• [Given material]
-- Opening Marker --
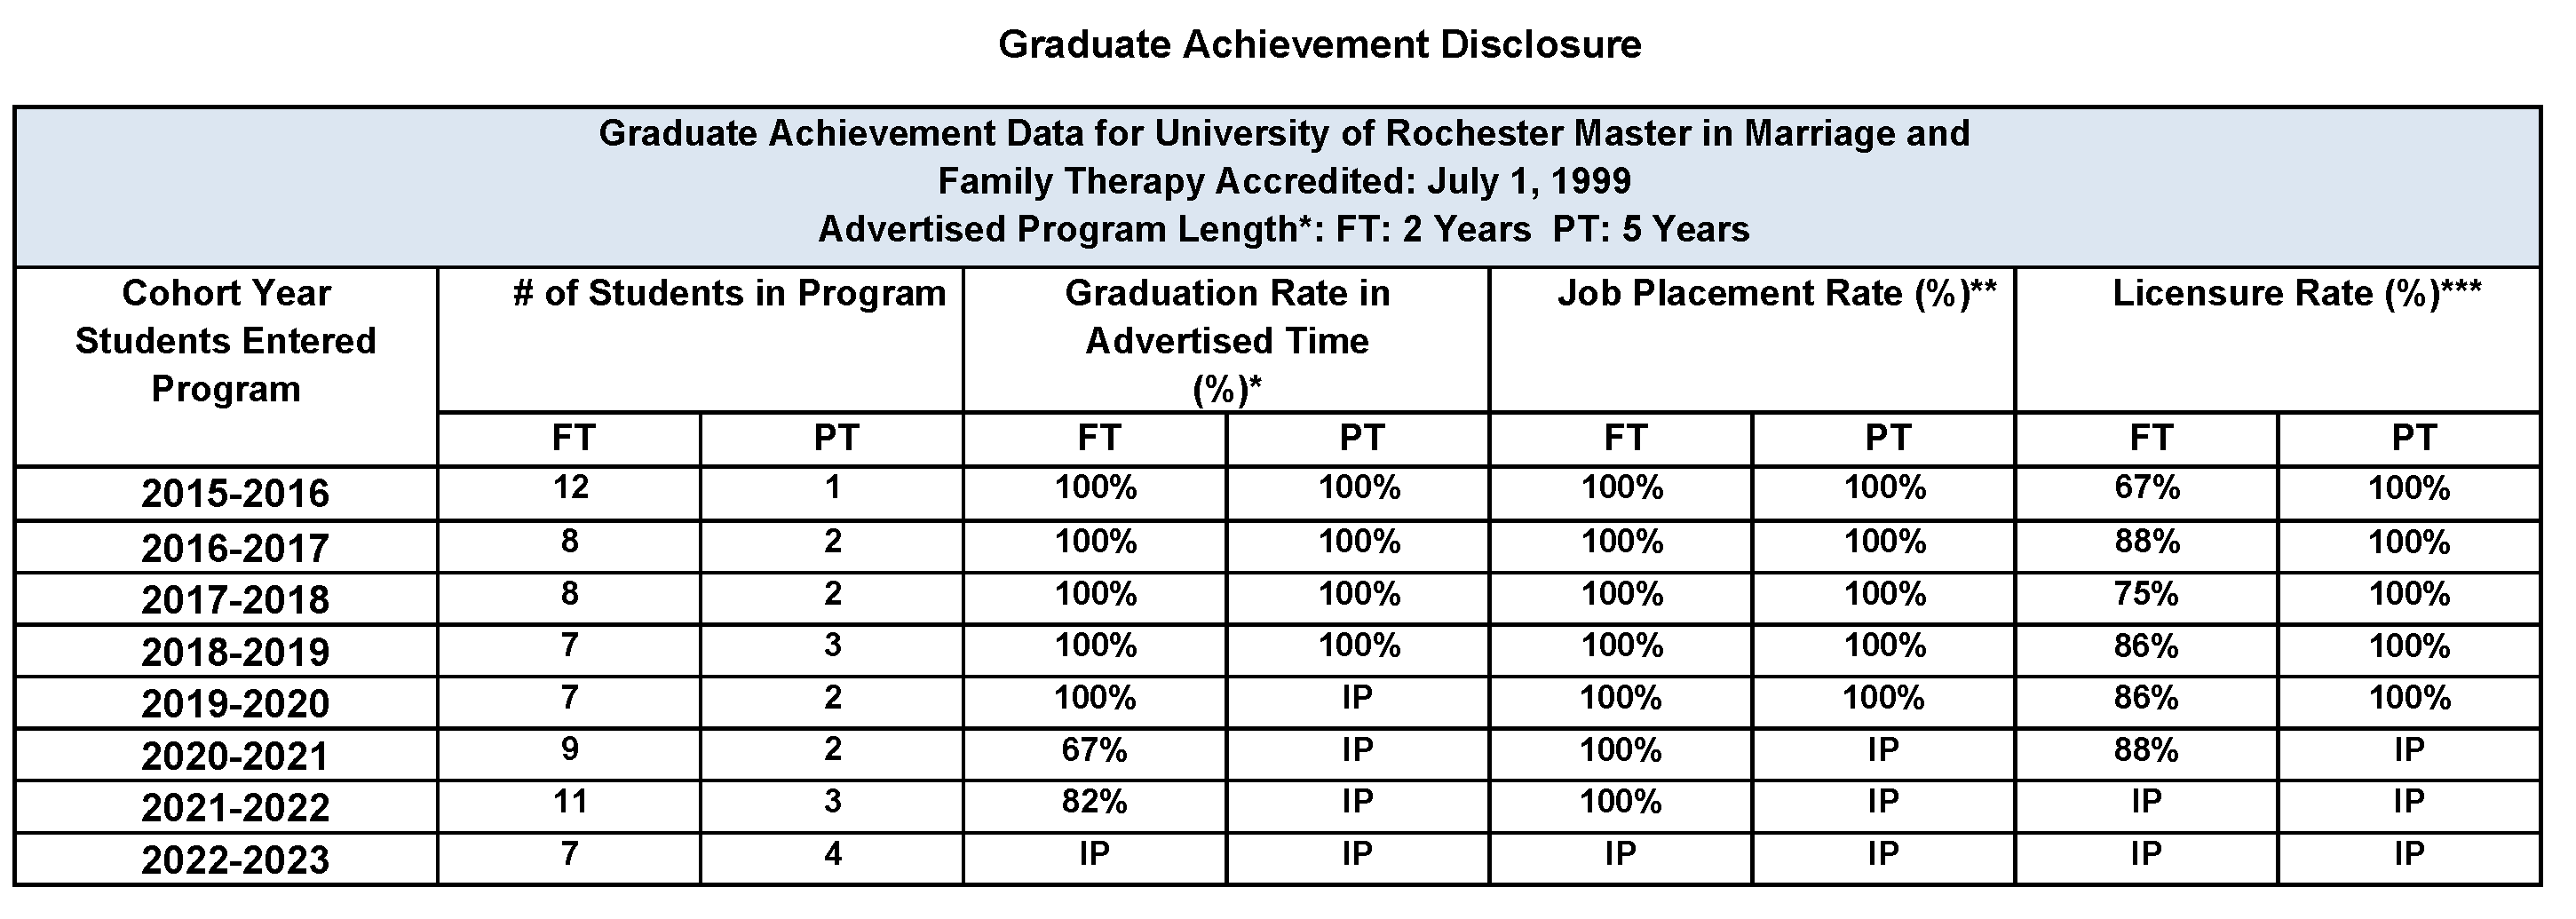 Graduate Achievement Disclosure Table of Data for 2024
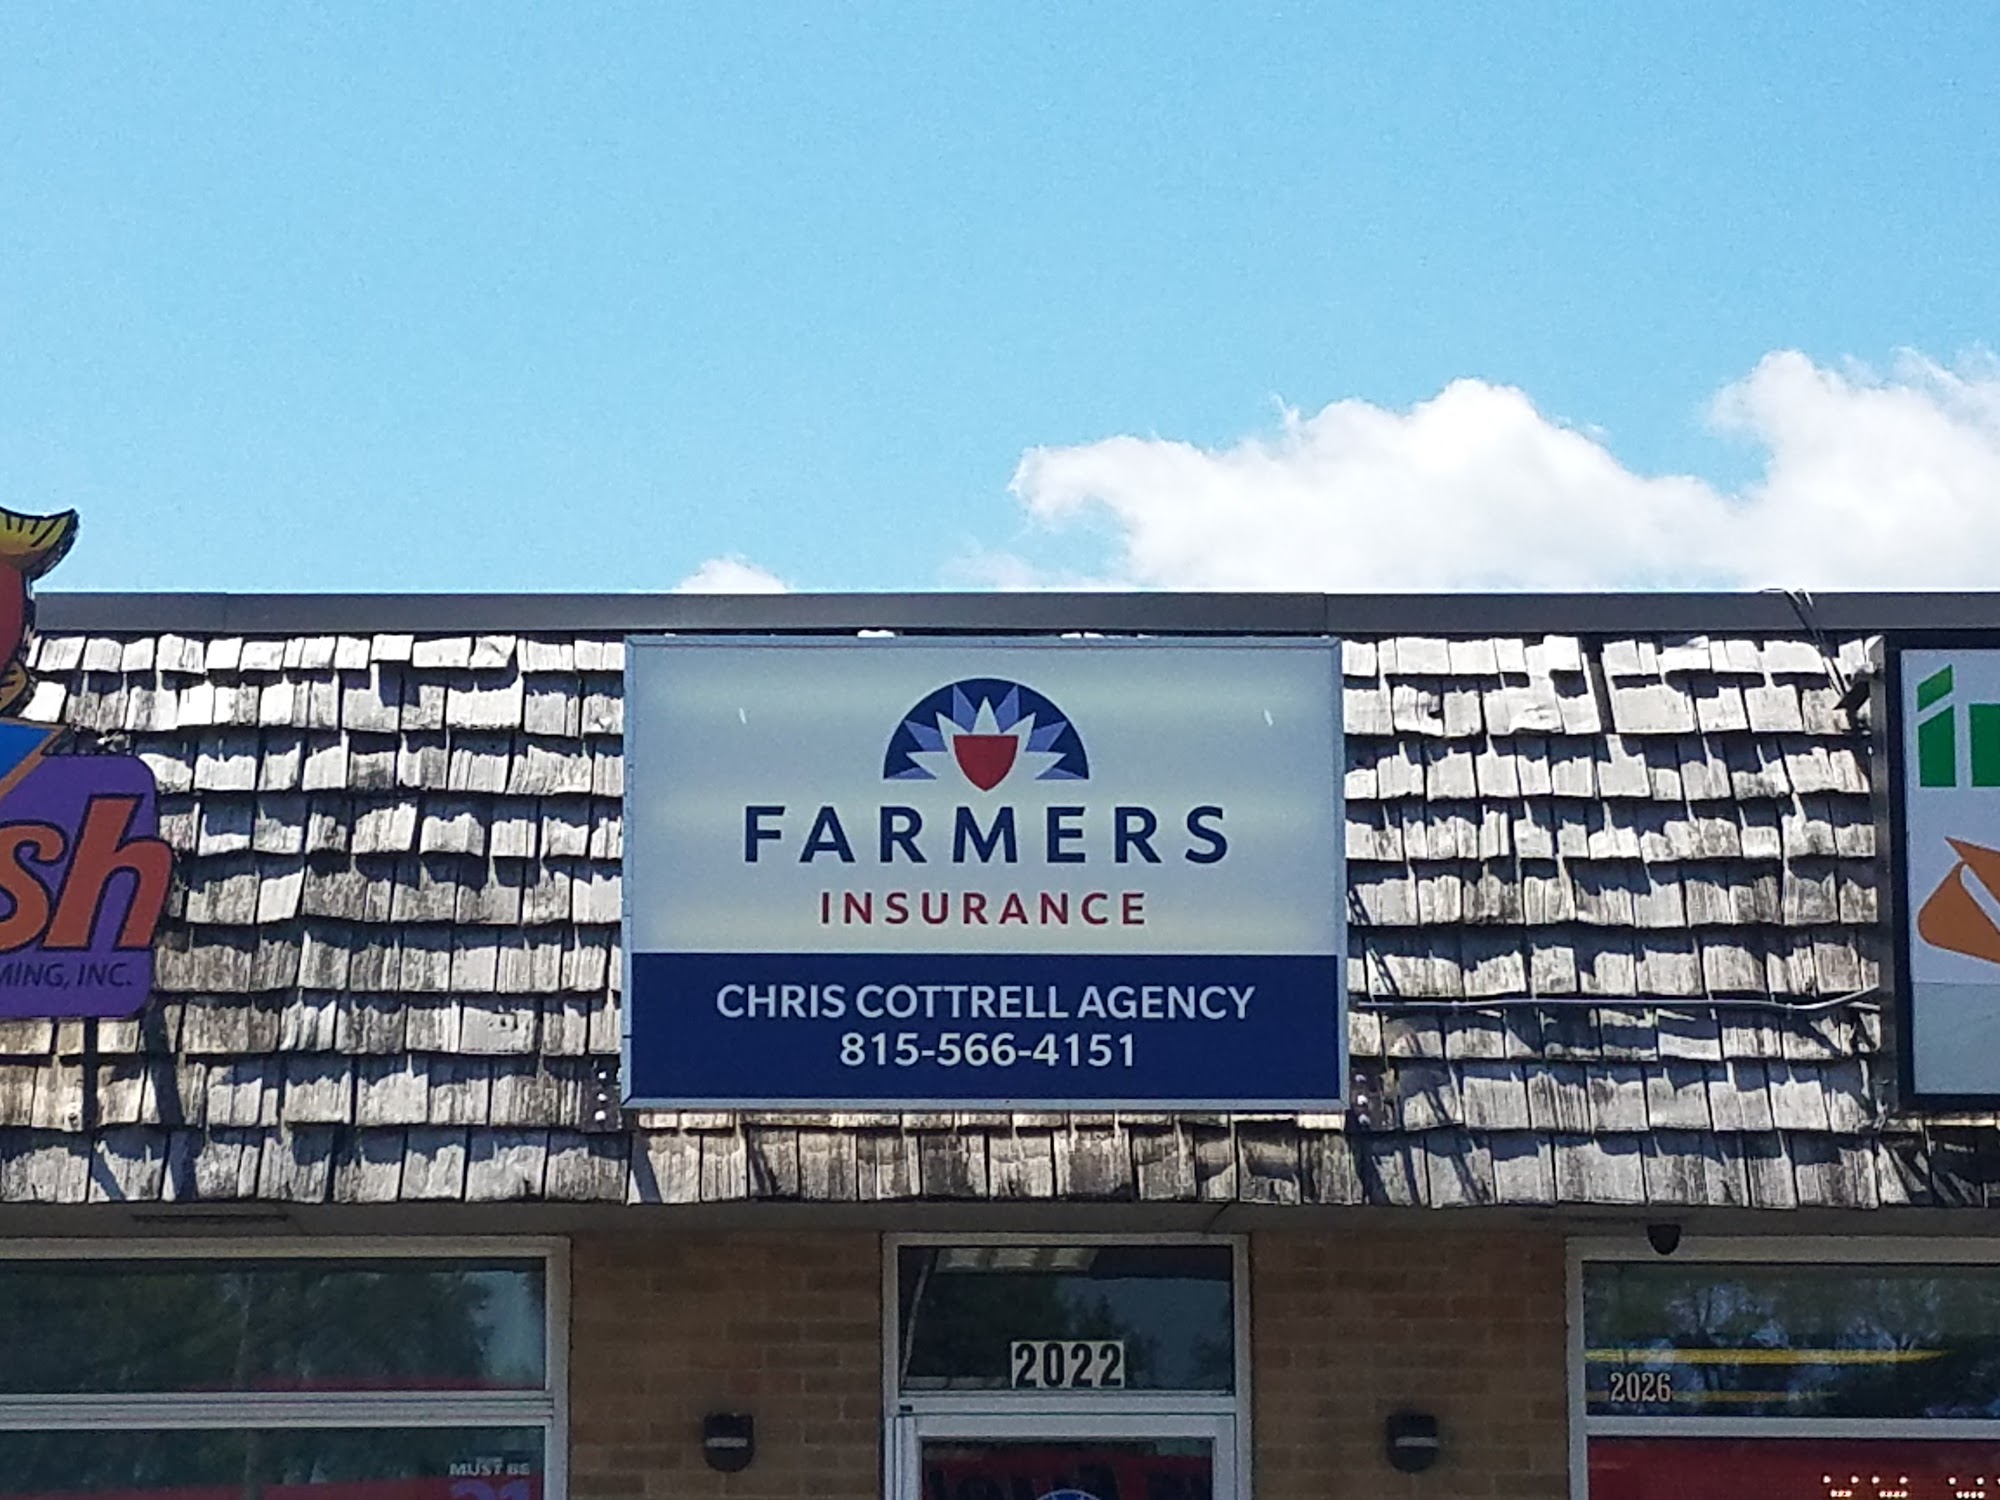 Farmers Insurance - Christopher Cottrell
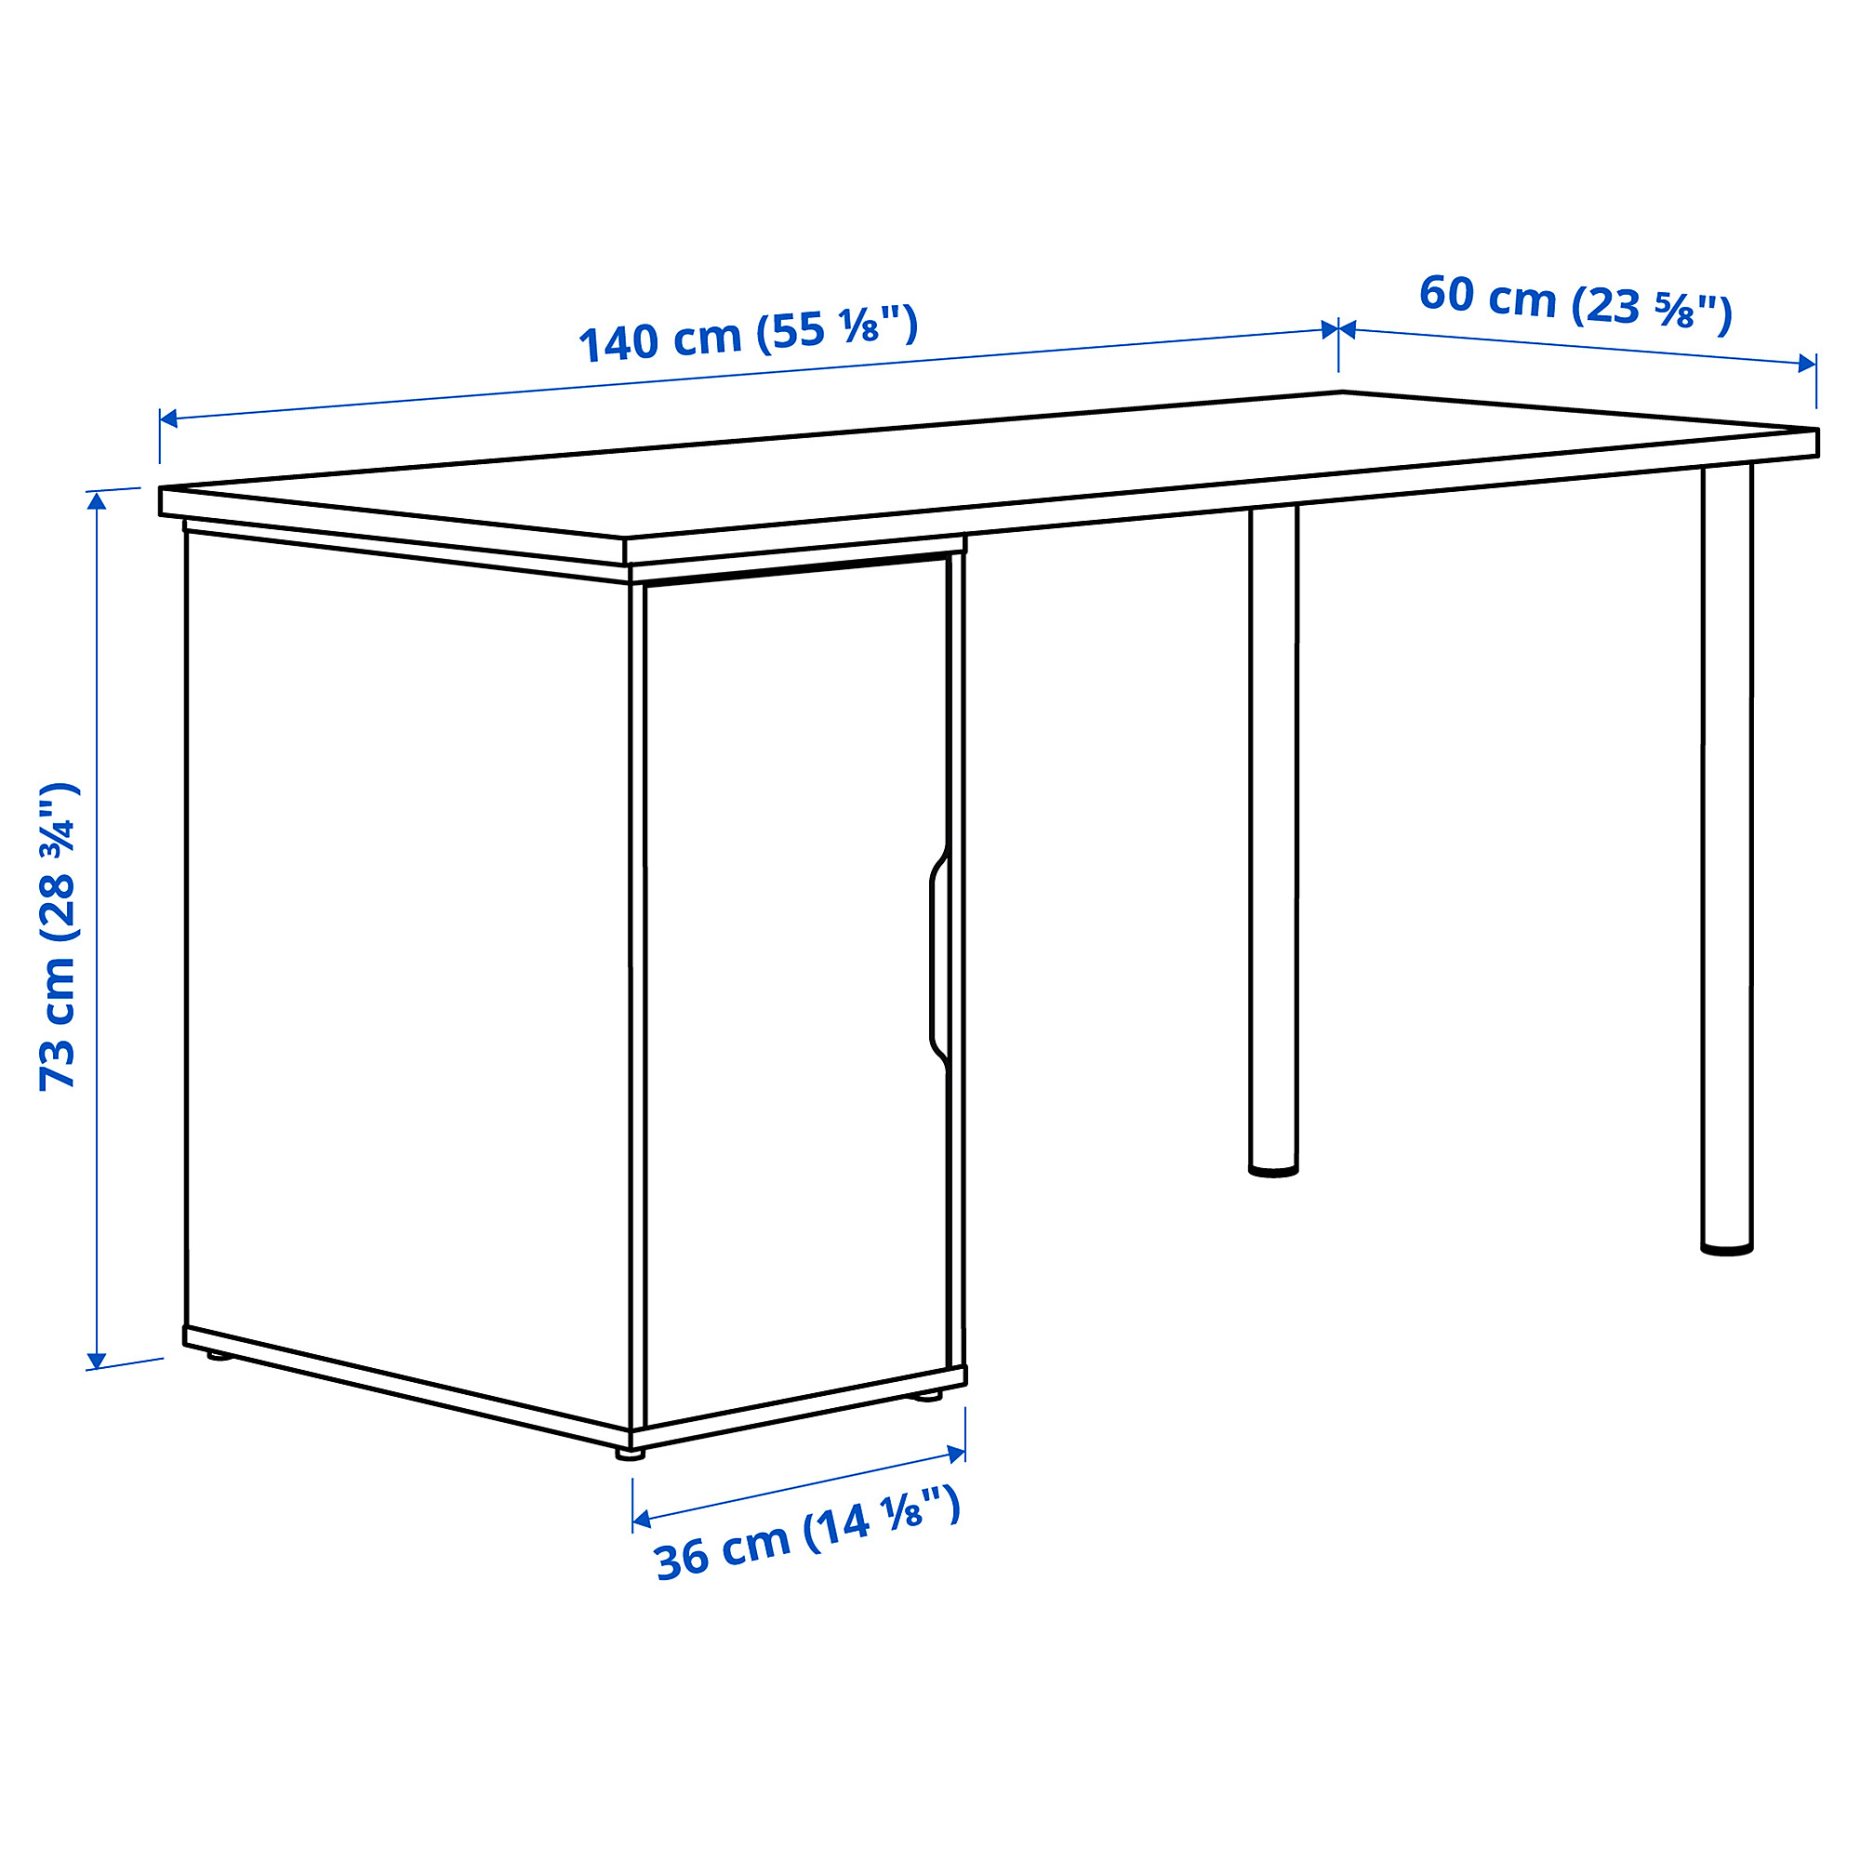 LAGKAPTEN/ALEX, desk, 140x60 cm, 595.216.11
-- Closing Marker --
• [Exercise] Your output should consist solely of the lines from the line containing "Farmers Insurance - Christopher Cottrell" through the end of the data above, copied exactly, with images removed.

• [Answer to this exercise]
 Farmers Insurance - Christopher Cottrell
 LAGKAPTEN/ALEX, desk, 140x60 cm, 595.216.11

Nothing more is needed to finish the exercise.